Open rowlesmr opened 1 year ago
The mmCIF dictionary [1] also assigns the 8pi_angstroms_squared
units to their B items (e.g. _atom_site_anisotrop.B[1][1]
). Some of those items are supposed to be equivalent to those in the CIF_CORE
dictionary (and they do share some of the data name aliases). However, in my opinion the units should not be changed (see below).
The units themselves look incorrect to me (at least in the context of the dictionary). The current definition states:
8pi2_angstroms_squared "8pi^2^ * angstroms squared (metres * 10^(-10)^)^2^"
From what I understand, the dictionary currently operates under the assumption of the following equivalence [2] (brackets indicate the measuring units): U [A^2] = B / 8 pi^2 [A^2]
Now if we suddenly change the units of B to (8pi^2 A^2) and try to convert the right side to A^2: U [A^2] = B / 8 pi^2^ [8pi^2^ A^2] U [A^2] = ( B / 8 pi^2 ) 8pi^2 [A^2] U [A^2] = B [A^2]
That is, if the units were actually respected, one would expect to see identical numeric ADP values regardless of whether U or B is used. However, since CIF files normally contain B values in the same form as written in the related journal publication (that is, not converted to 8pi^2 * A^2 units) this will not be true for most (if not all) existing CIF files.

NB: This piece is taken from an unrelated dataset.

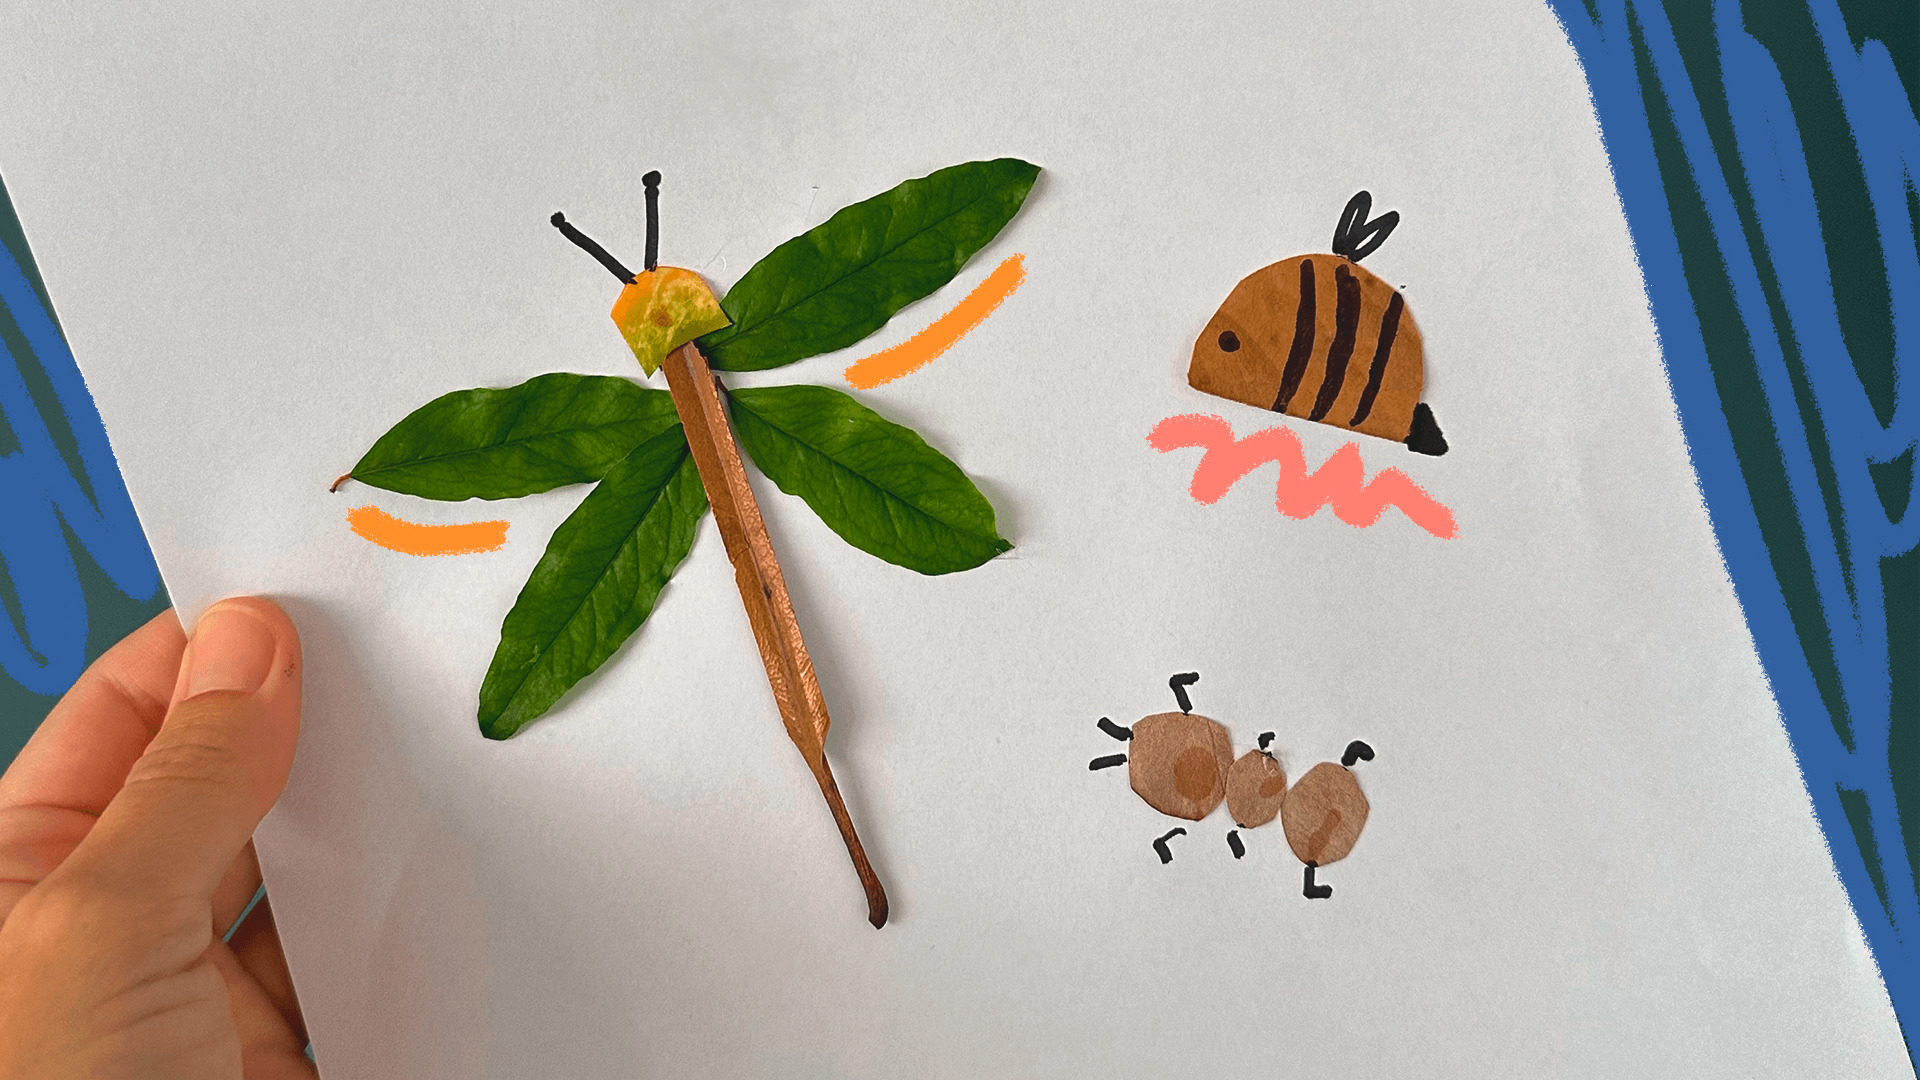 imagem mostra animais feitos com folhas e sementes coladas em um papel

Note, that the dREL code in the CIF_CORE dictionary responsible for converting between U and B also currently operates under the assumption that B values are measured in A^2^ and not 8pi^2 * A^2, so the change in units would not be so simple.
@rowlesmr , @jamesrhester could you check if this interpretation makes sense? If yes, I would also report this to the mmCIF maintainers since in practice they probably also do not divide their B values by 8pi^2 just to express them in the
[8pi^2 * A^2] units.
[1] https://mmcif.wwpdb.org/dictionaries/ascii/mmcif_pdbx_v50.dic [2] http://pd.chem.ucl.ac.uk/pdnn/refine3/adps.htm
I concur with this assessment (and am embarassed I didn't spot it!)

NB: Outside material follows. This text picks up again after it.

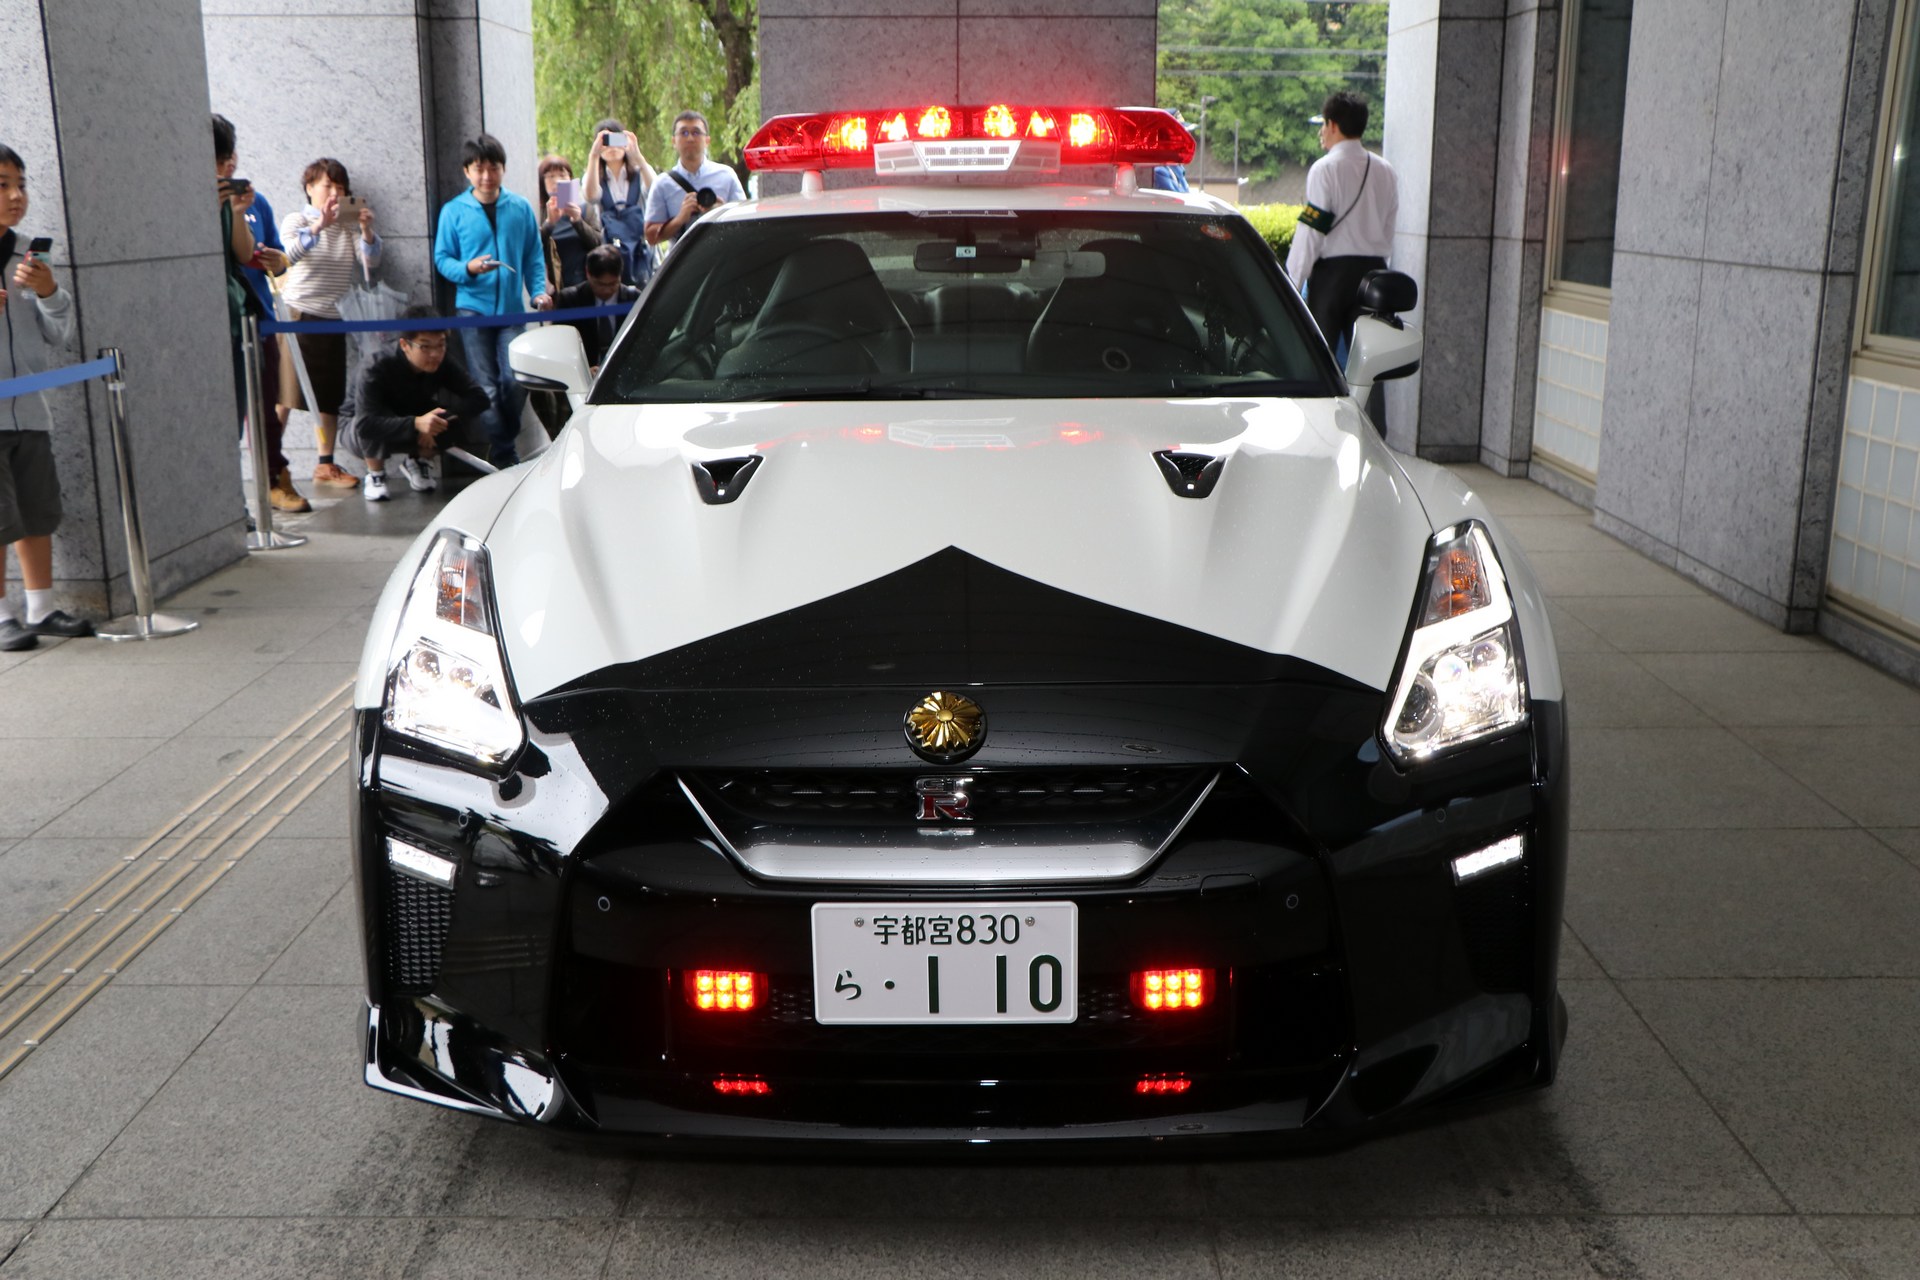 "بالصور" نيسان GT-R تدخل الخدمة رسميا بأسطول الشرطة اليابانية 43

It's like reporting length in metres and kilometres, and then just artibtrarily changing the units on the kilometres value to be metres; the magnitudes get stuffed up.
or you could write:
0.01267 (Ų) = 1 (1/(8π²) Ų)
so you can make the unit_code correct if you tweak it's definition:
'8pi_angstroms_squared' "length_squared '(1/(8pi^2)) * angstroms squared (metres * 10^(-10))^2'"

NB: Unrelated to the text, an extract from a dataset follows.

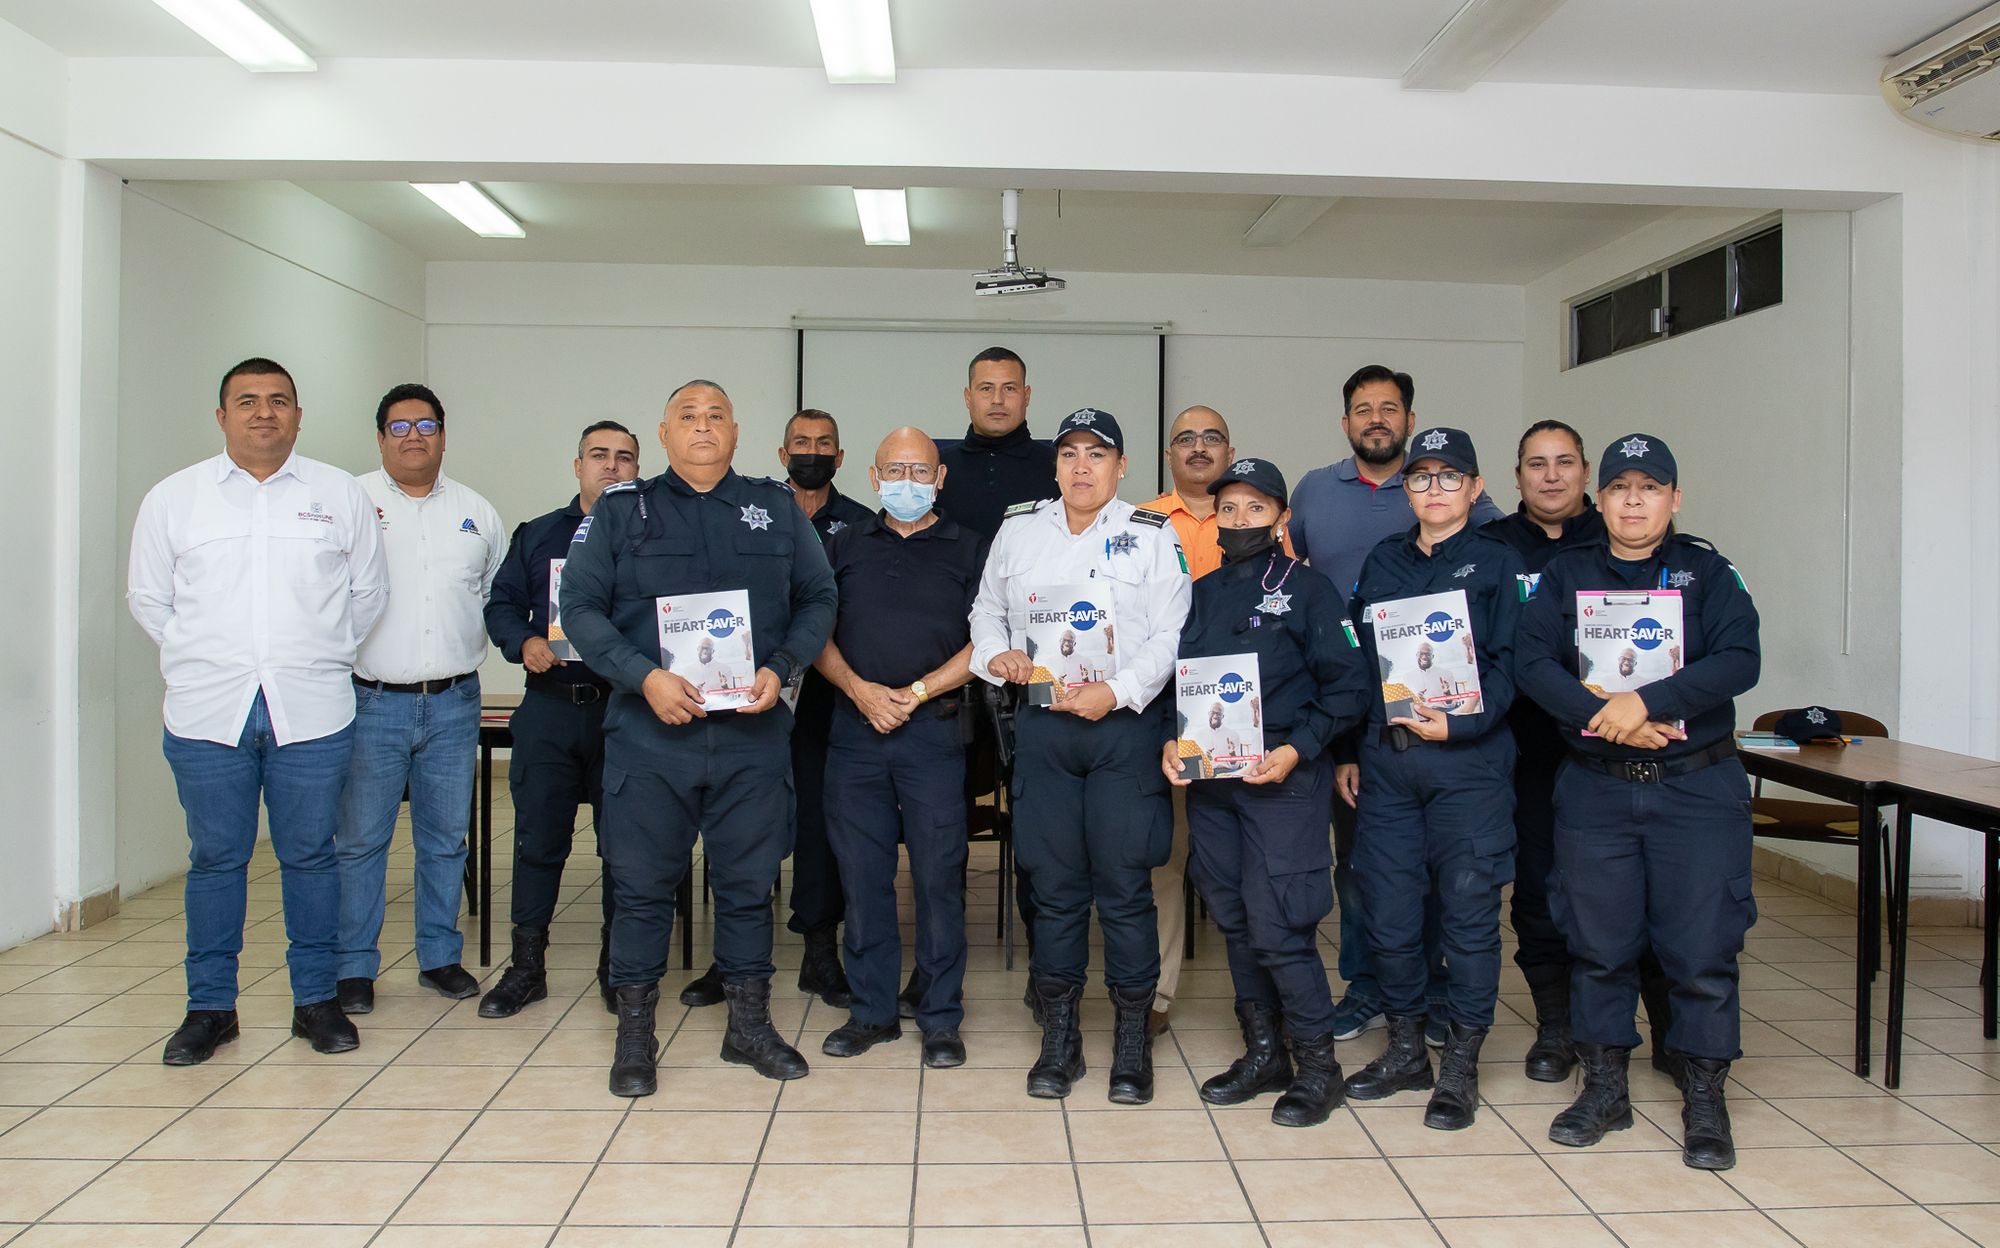 Certifica en primeros auxilios a personal de la Policía Municipal de La Paz

assuming that you give B as B and U as U as in the example a coupld of lines above.
I think this still does not remove the underlying issue of U and B being expressed in different units. In this case one still gets:
U [A^2] = B / 8 pi^2^ [1/(8pi^2^) A^2] U [A^2] = B / 8 pi^2^ 1/(8pi^2^) [A^2]
Which is different from the expected:
U [A^2] = B / (8 pi^2^) [A^2]
However, just in case I wrote an email to the mmCIF dictionary maintainers to get their input/interpretation on this issue. It would be quite unexpected to hear that they actually divide all of their B values by 8pi^2^ to convert them to the 8pi_angstroms_squared
units.
My example above is exactly this:
U [A^2] = B / (8 pi^2^) [A^2]
Move the divisor into the units
U [A^2] = B [1 / (8 pi^2^) A^2]
Yes, but moving the divisor into the units affects the value. That is, if the original publication states that the B value is 8.5 [A^2^], the author would now have to record it in the CIF file as 8.5 * 8 pi^2^
to properly express it in the required [1/ (8 pi^2^) A^2^] units., would they not? I'm quite sure this convention was never followed in CIF files, thus suddenly changing the units would be change the interpretation of the B values.
I am not sure about the conventions of mmCIF files though.
I'm arguing that the 1/8pi^2 constant has always implicitly been there. Adding it explicitly doesn't change anything, apart from making it explicit.
Consider measuring lengths. The value W is recorded in metres. There is also another value, Y, that people use, such that W = Y/1000. In both cases, the unit of length is metres. I can report W = 0.001 or Y=1, and people know it is the same thing.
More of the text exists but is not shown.